Southwest Airlines’ Herb Kelleher has an unusual approach to salaries. He pays rank-and-filers above the industry average, but managers get less than their counterparts at other companies. Southwest tries to make up for it with stock options.

The model seems to be working. The airline industry has nearly collapsed over the past two years, but Southwest’s profits keep going up. And having those nice profits usually make stock options pretty attractive.

Kelleher understands that one of the biggest reasons for employee grumbling is overpaid managers.

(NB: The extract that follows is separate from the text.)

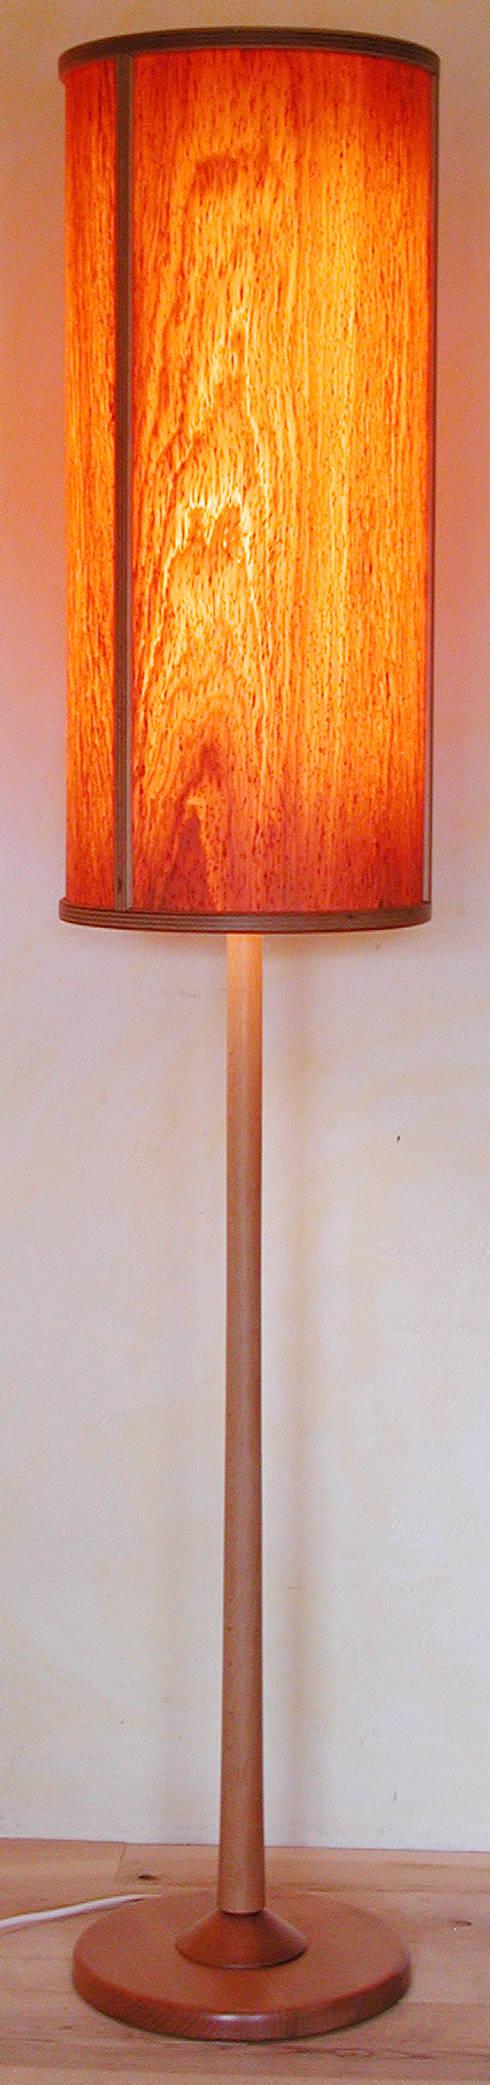 stehlampe mit schirm aus holzfurnier von kunsthandwerk wohndesign sorg homify. Black Bedroom Furniture Sets. Home Design Ideas

When a company has to make budget cuts, employees turn cynical if they see managers with padded salaries seemingly oblivious to the chaos.

But Southwest’s culture goes beyond salaries, as the book explains.

"Southwest has achieved some extraordinary things in the area of employee relationships," Krames writes. "Its pilots, for example, agreed to freeze their salaries for five years, taking their chances with stock options instead.

"When another employee group, which had effectively voted itself out of a union a few years earlier, began feeling vulnerable, Kelleher responded by issuing a personal contract — signed by Kelleher himself — to each of those employees."

Another part of Kelleher’s strategy is to have no more than four layers of management between the CEO and frontline managers, encouraging people in the field to make decisions.

Let’s see . . . Southwest pays employees well and makes it clear through actions rather than managementspeak that it appreciates and trusts its workers.

And the company succeeds where others fail. What a shock.